As long as you keep paying the registration fees for the domain (which keep dropping) and hosting fees (dropping with more features as time goes by), your e-mail never changes.

It’s like cell-phone number portability: You can move from Sprint to Verizon and keep the same number. Yeah, you’re paying someone else and there’s a different feature set, but this is all transparent to people who call you. All they care about it not having to remember/reprogram your number every year or two. That’s annoying…

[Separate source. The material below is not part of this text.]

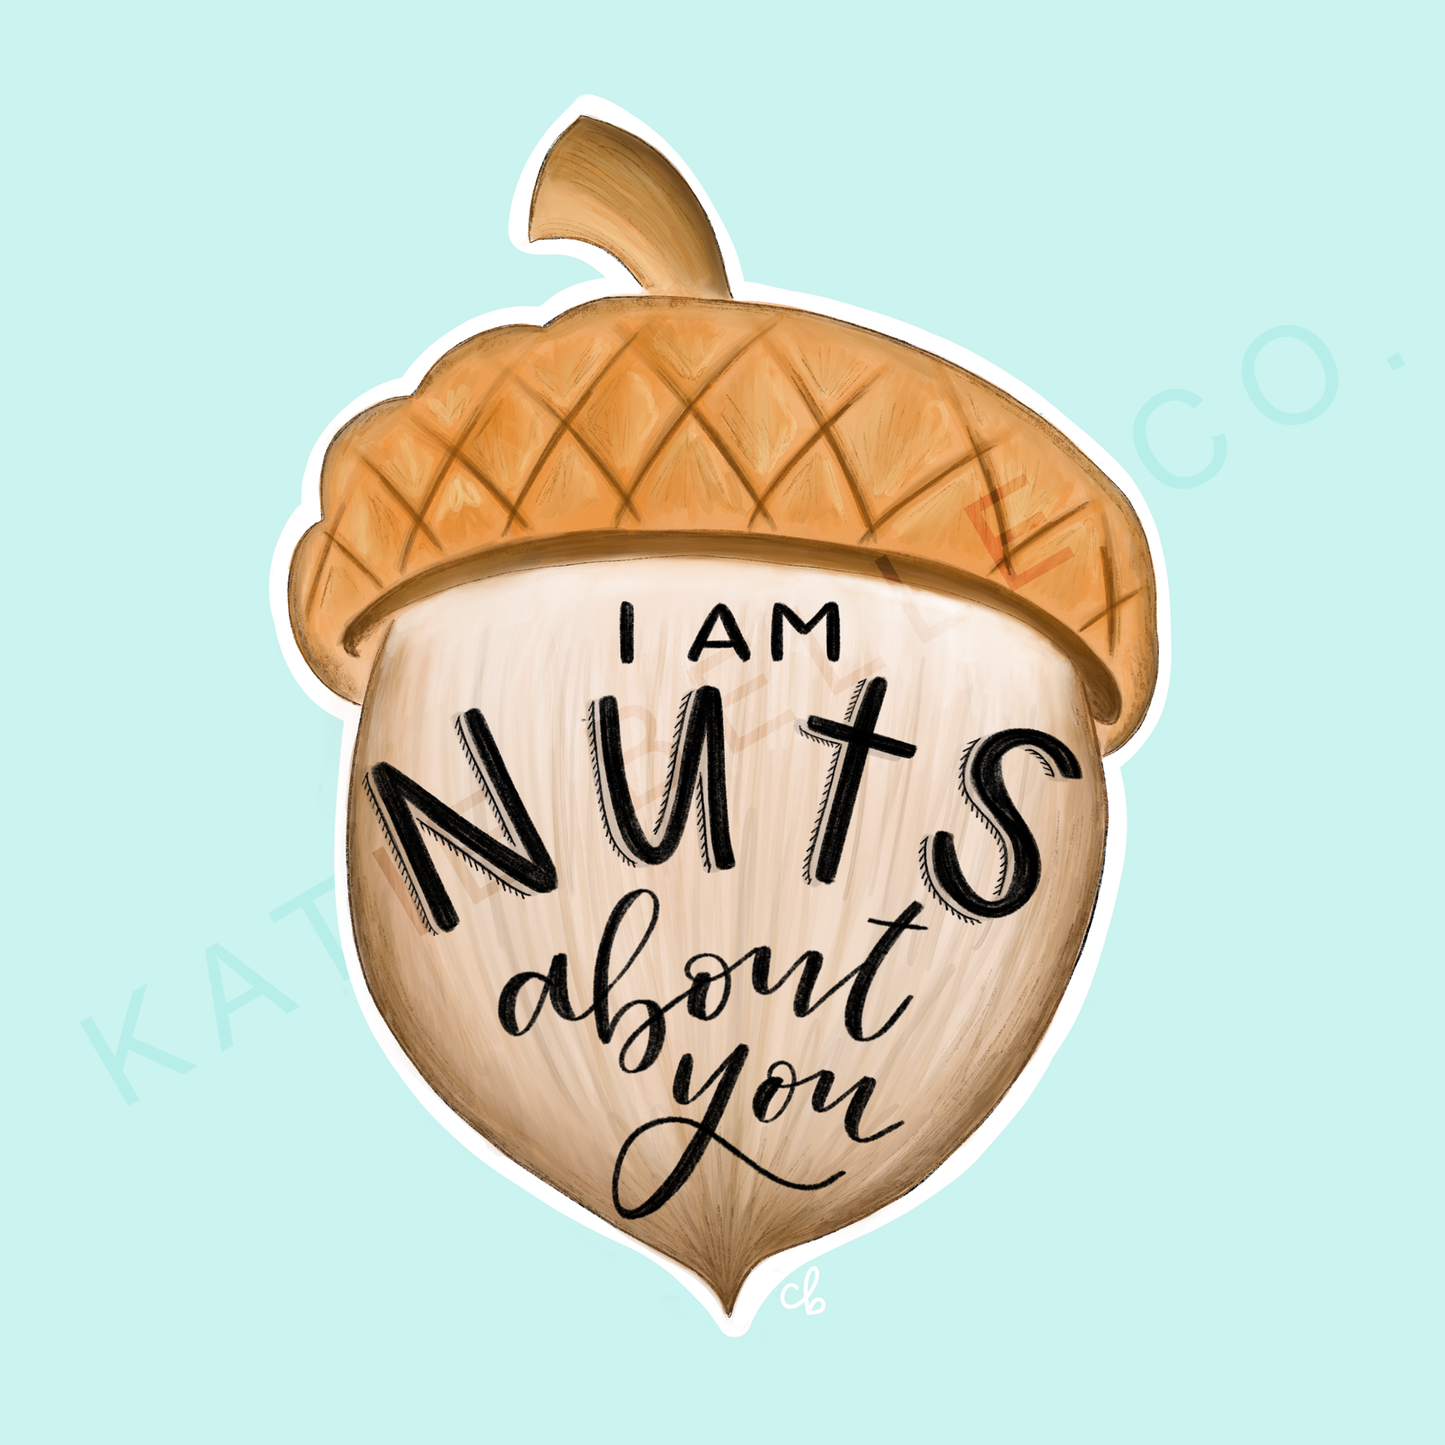 NUTS ABOUT YOU GREETING CARD - Old branding logo on back side

With the rise of more powerful – and increasingly free – online e-mail systems (Gmail, Yahoo! Mail, Hotmail and so on), the argument for a domain so you have a permanent e-mail address is a little less compelling today than it was about 10 years ago, but the get-the-domain-for-email-alone argument still holds some water, for the following three reasons:

  • Will [portal company]’s free e-mail be around in 10 years? Will [portal company] still exist?
  • With the free services, it’s kind of tough to get a tim@portal.com address. Usually more along the lines of timmcwilliams99@portal.com. You’ll remember it, but not easy for friends.
  • The access-anywhere nature of portal account is a powerful sell, but virtually all hosts offer web mail tools (though few are of the caliber or Gmail, for example – let’s be honest).

But I’m spozed to be talking about bloggers, right?

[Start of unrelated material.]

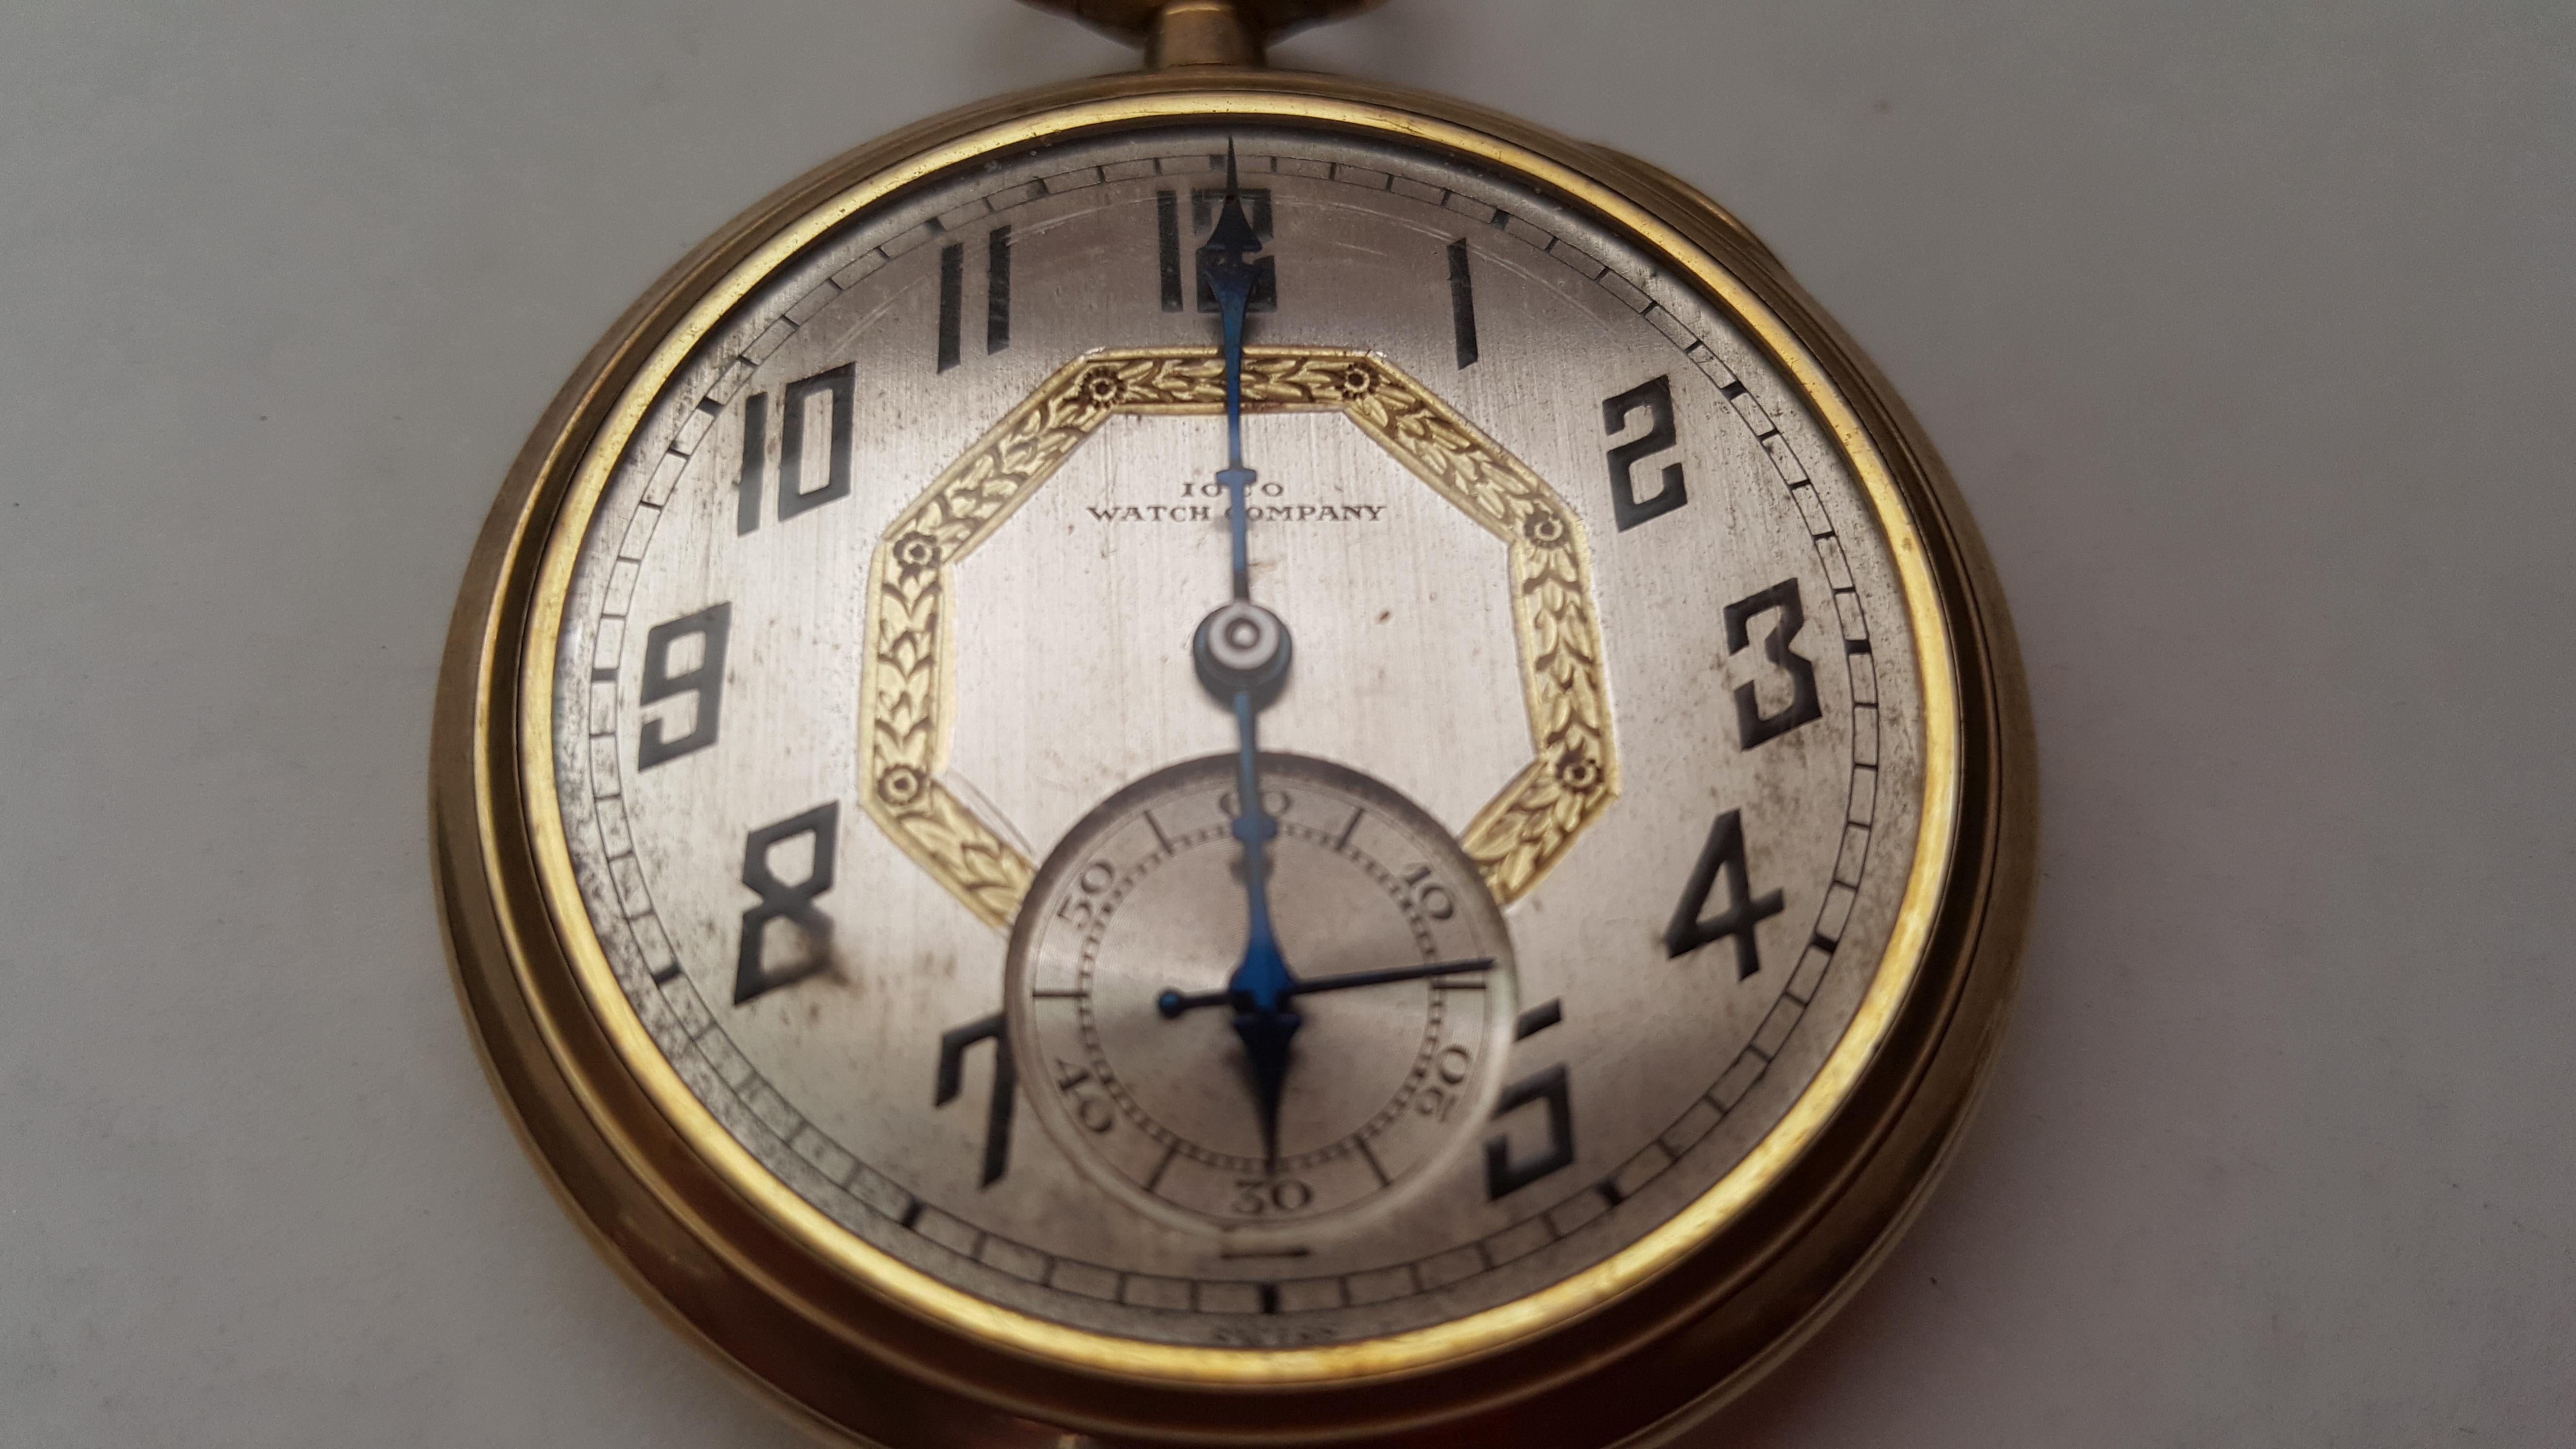 Vintage Ioco Watch Company Pocket Watch Gold-Plated, White Satin Finish Face 1

OK, same arguments apply, for the most part. Get an address and keep if forever, even if you shift your hosting every year. This is terribly important if you want to be a top drawer blogger.

The best anti-example I can think of in this respect is Dan Gillmor, one of the best tech journalists out there. Formerly with the San Jose Mercury paper, he left to do what he terms citizen journalism.

OK.

Now, I try to read him whenever I can, but it’s tough to keep up with him – and imagine what the search engines have to deal with. Lots of Gillmor deadends in the indices.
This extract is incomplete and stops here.